— Supplied information —
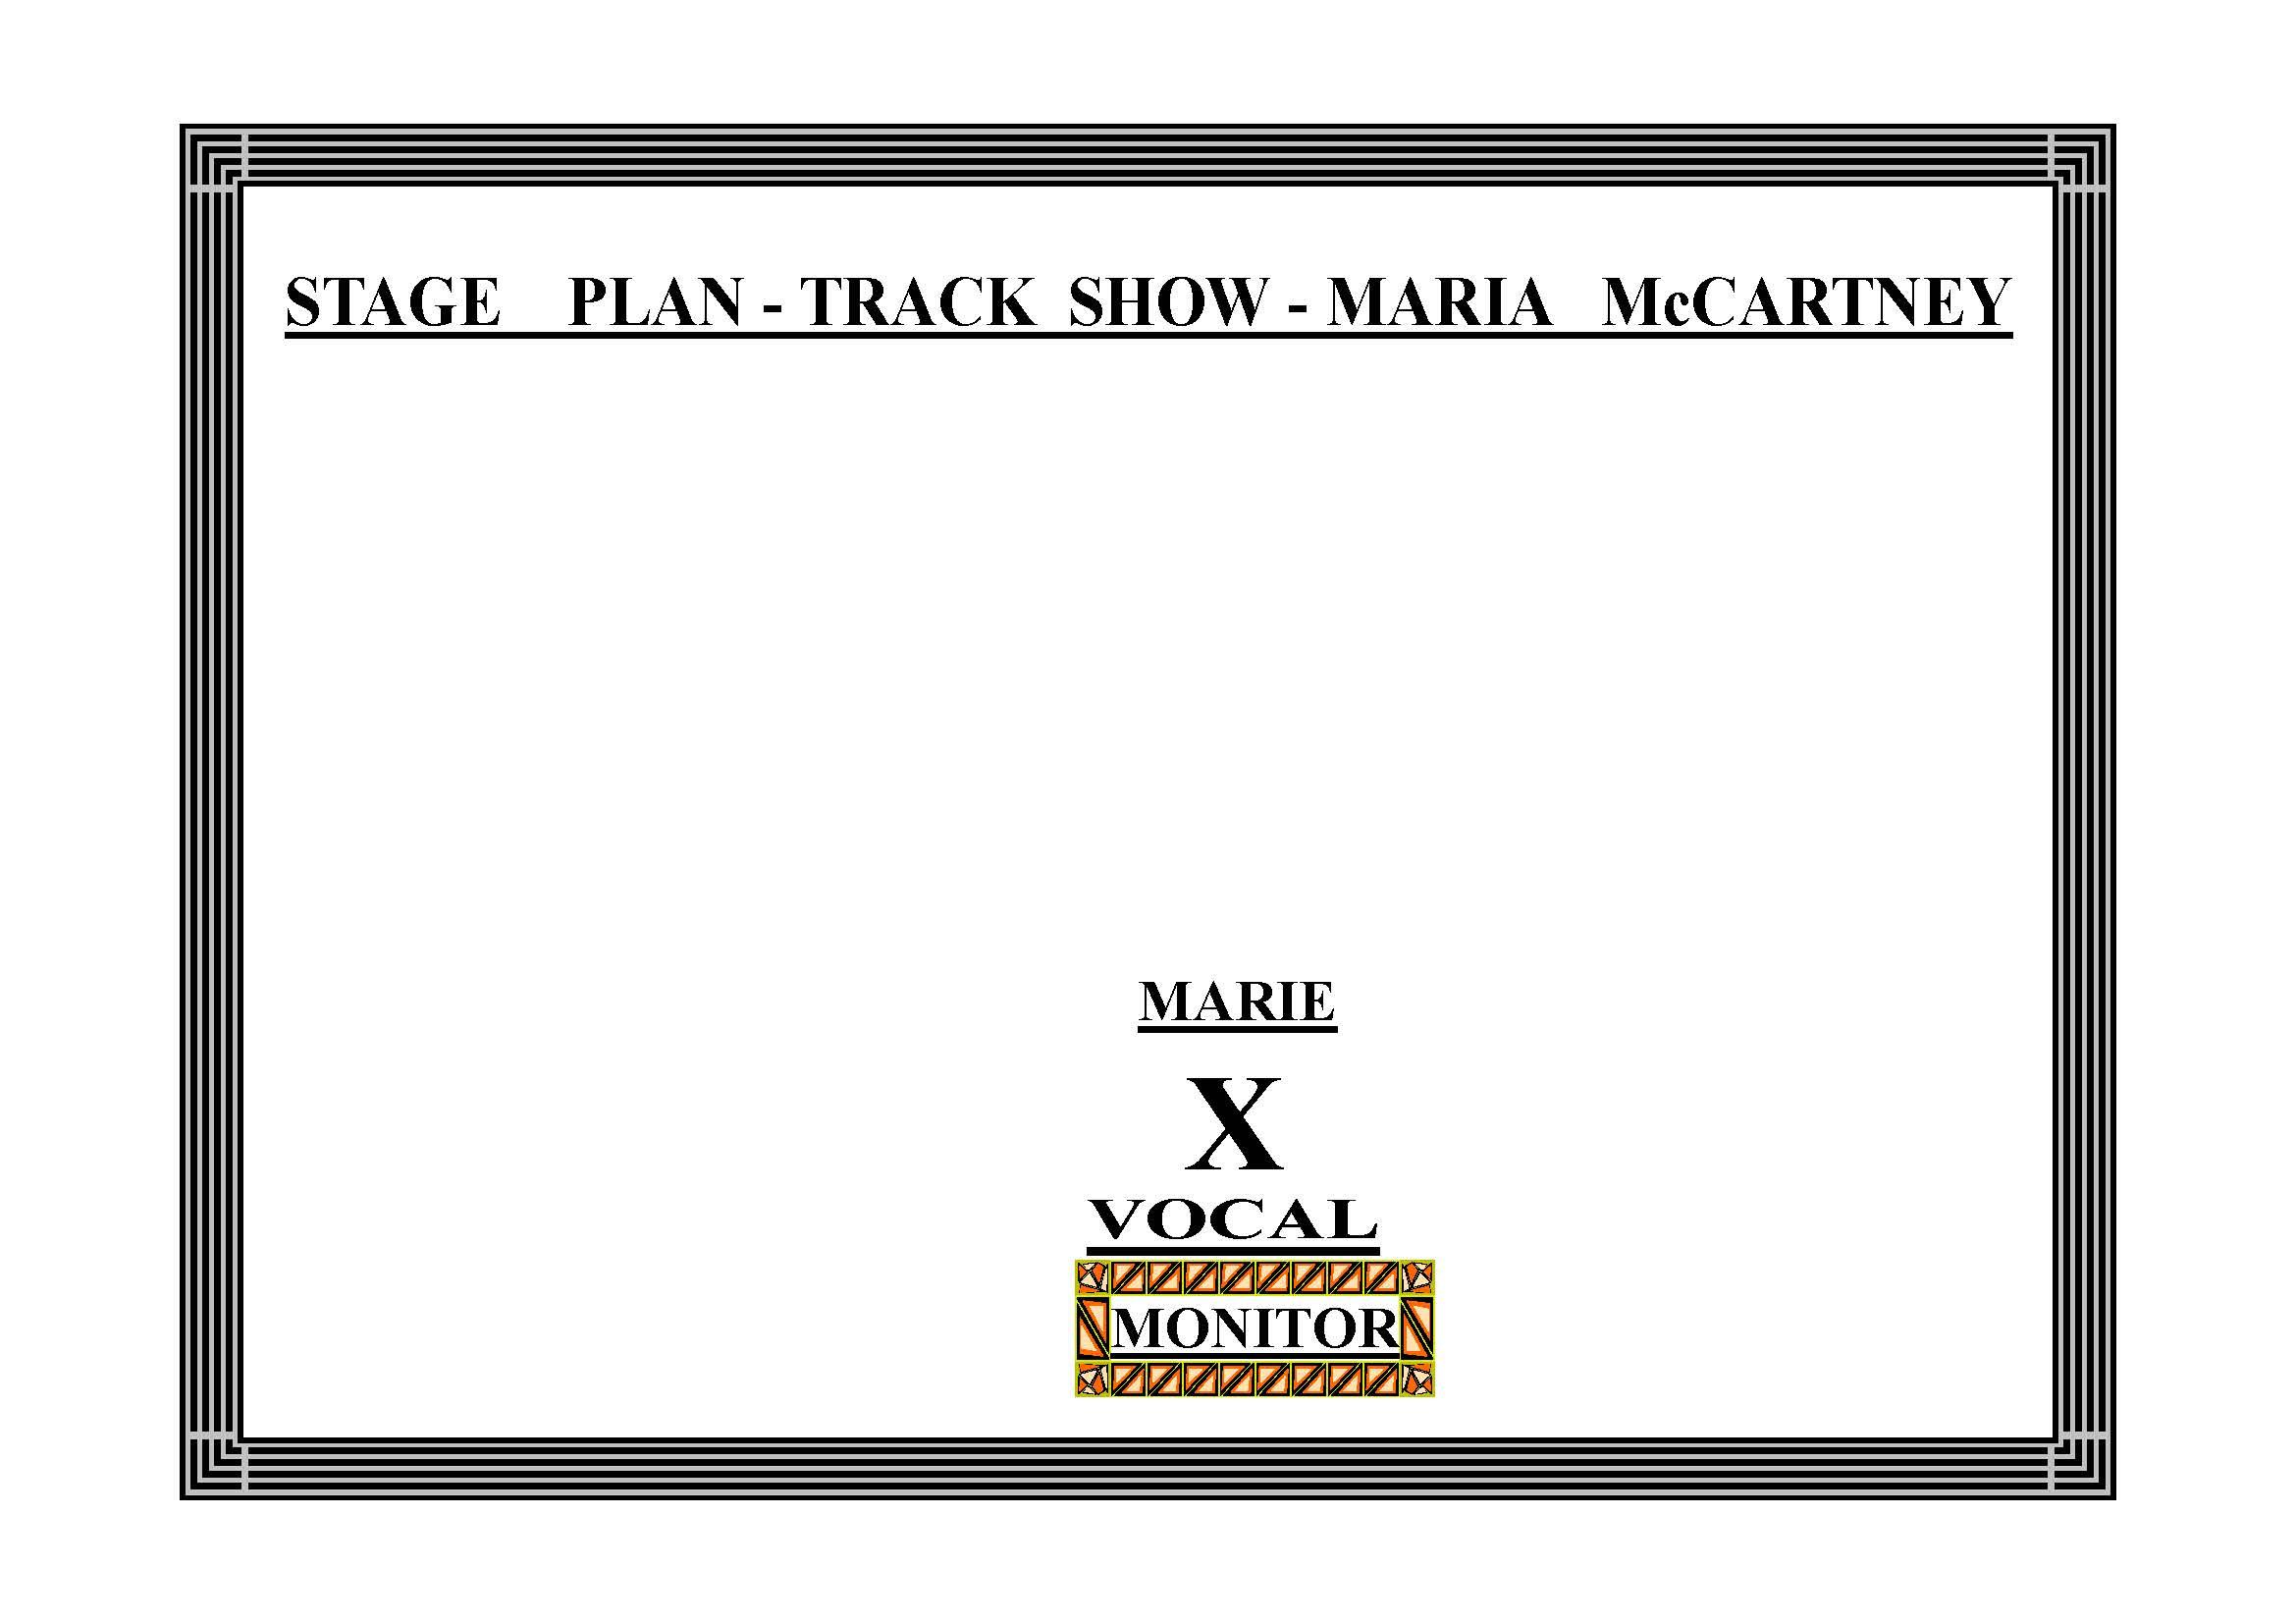 MARIA mCCARTNEY STAGE PLAN - TRACK SHOW - 1
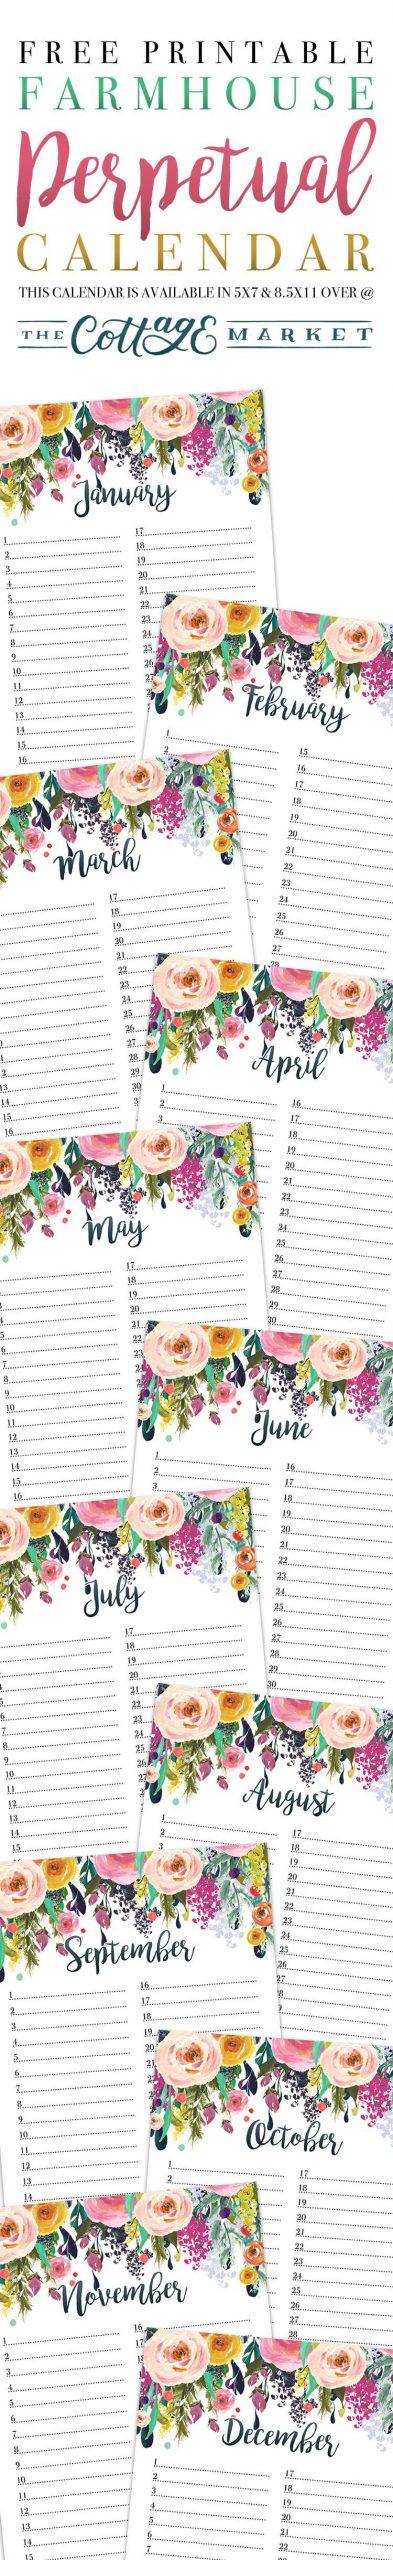 Free Printable Farmhouse Perpetual Calendar   Perpetual Birthday Calendars That We Can Fill In
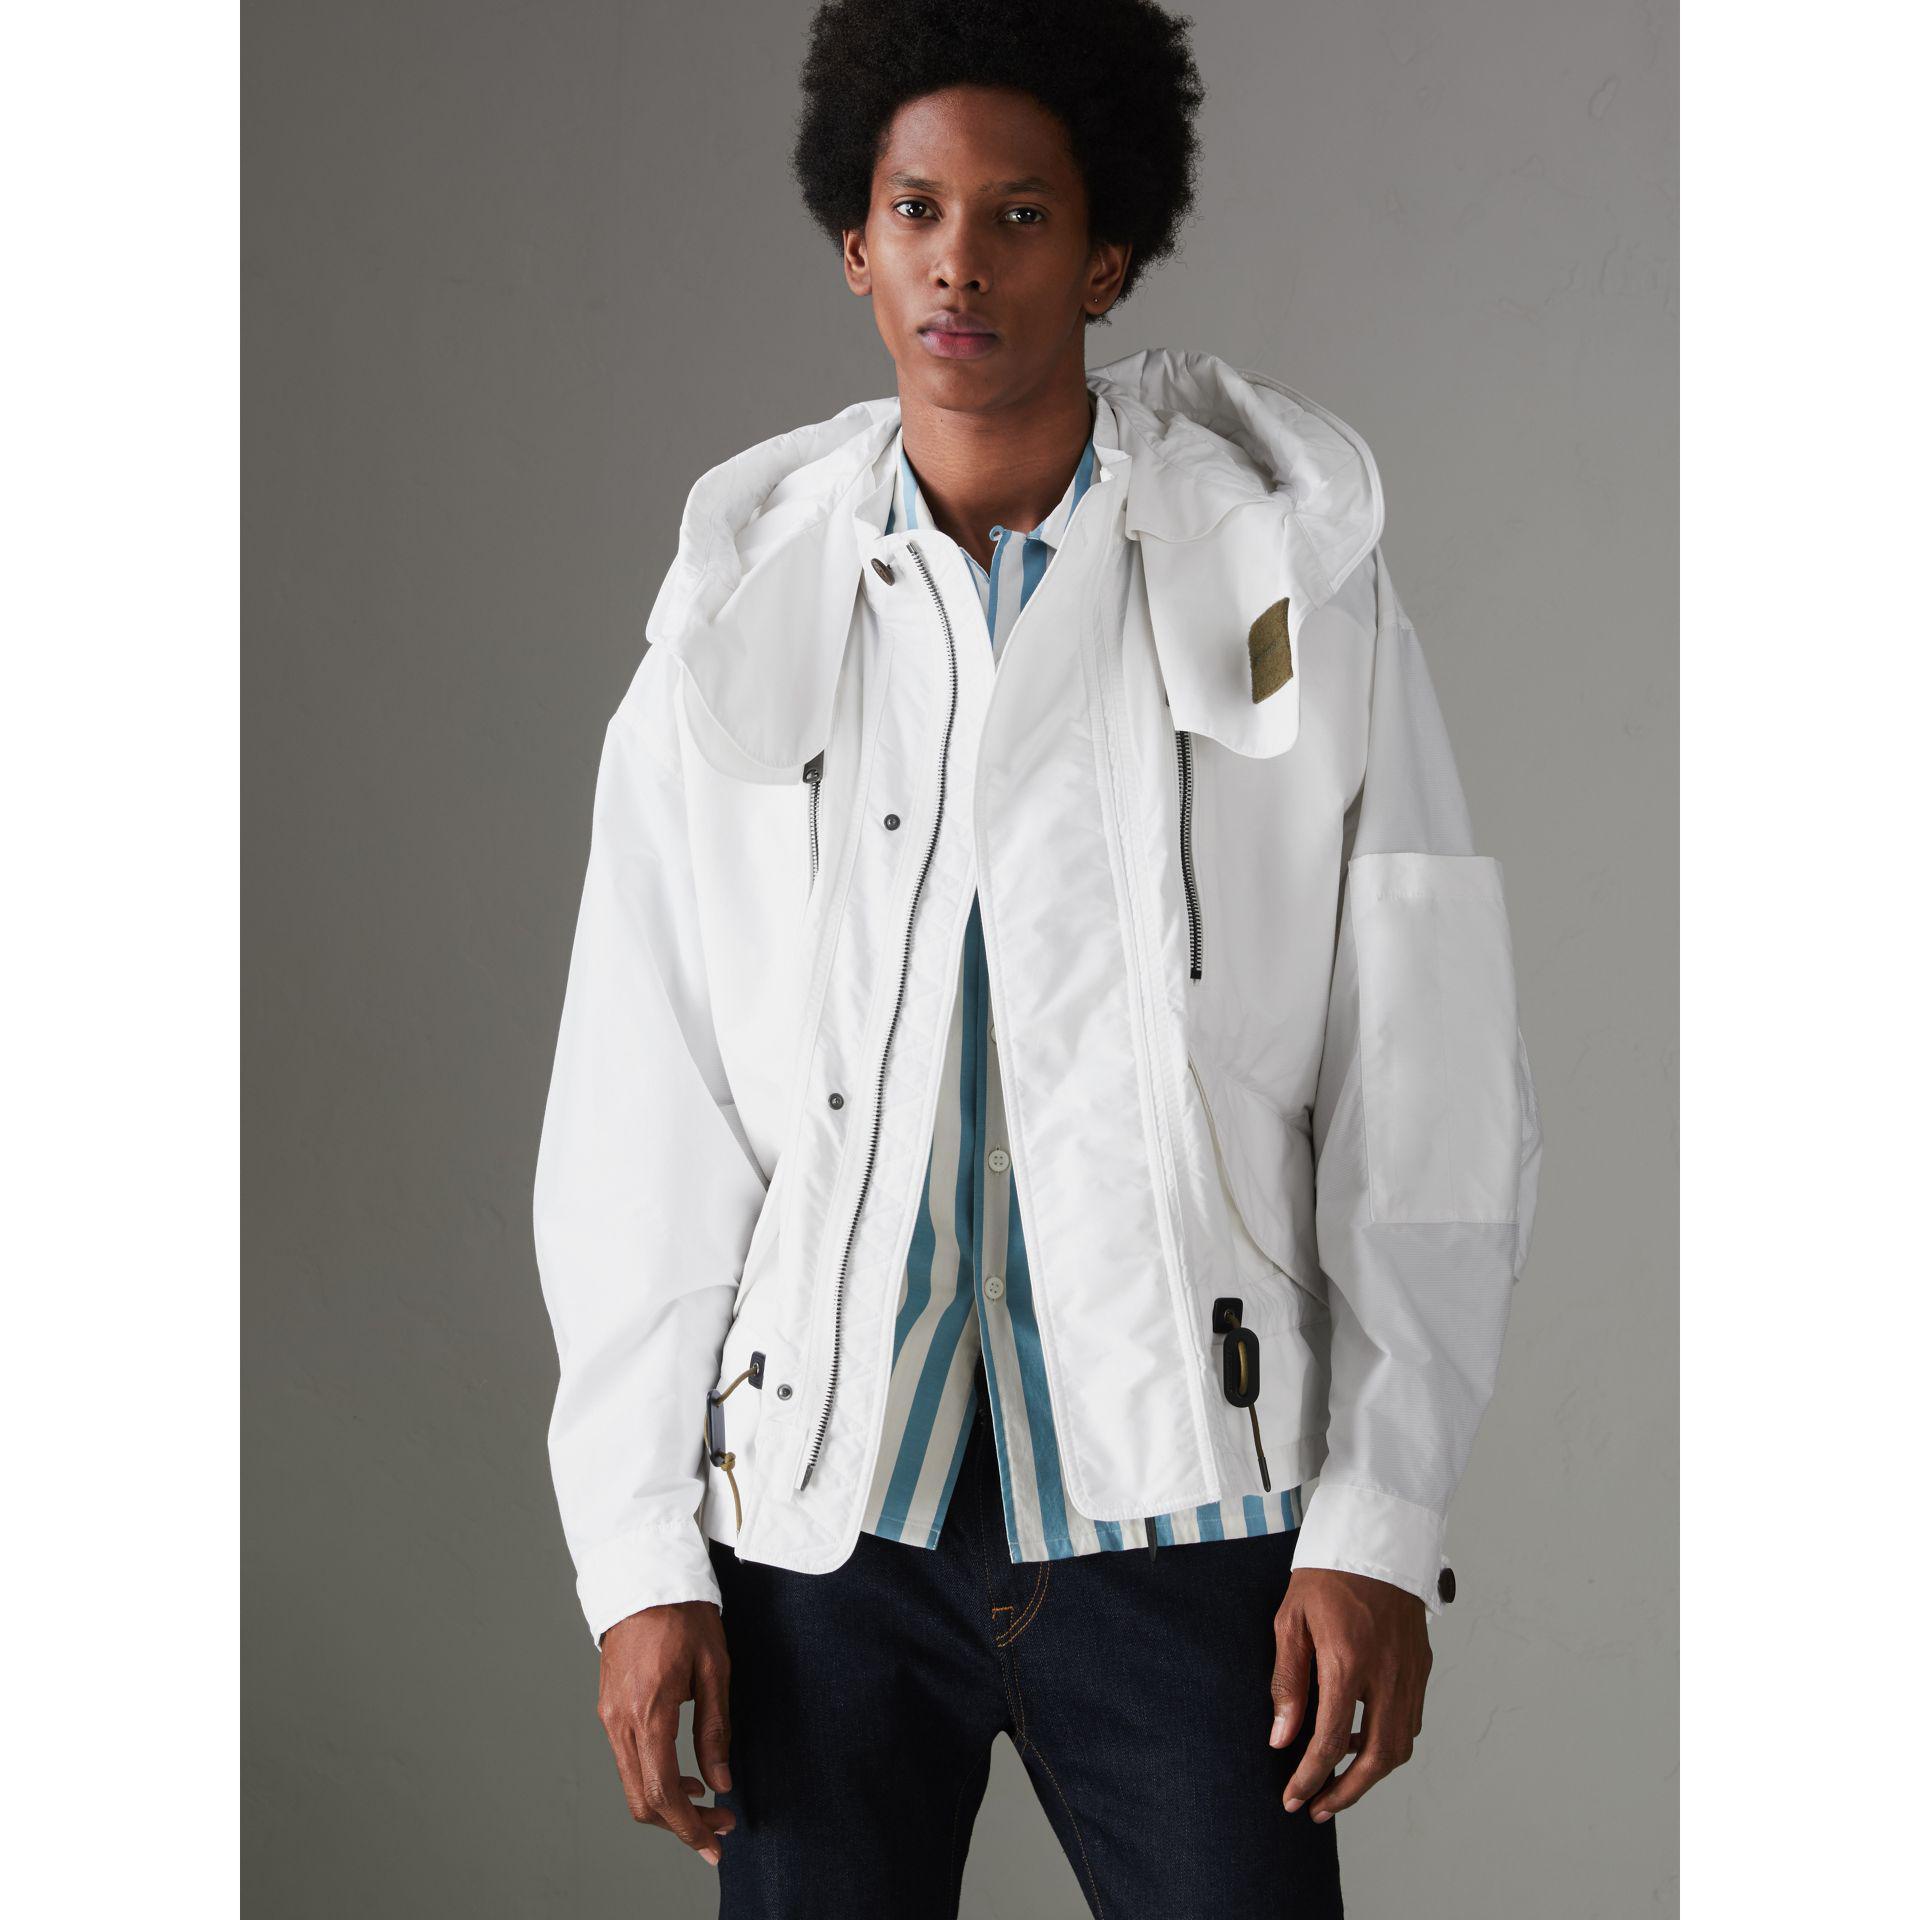 Burberry Cotton Detachable Hood Faille Jacket in White for Men

— What needs to be done —
Return the data exactly. Pictures stay out.

— Answer to the problem —
 MARIA mCCARTNEY STAGE PLAN - TRACK SHOW - 1
 Free Printable Farmhouse Perpetual Calendar   Perpetual Birthday Calendars That We Can Fill In
 Burberry Cotton Detachable Hood Faille Jacket in White for Men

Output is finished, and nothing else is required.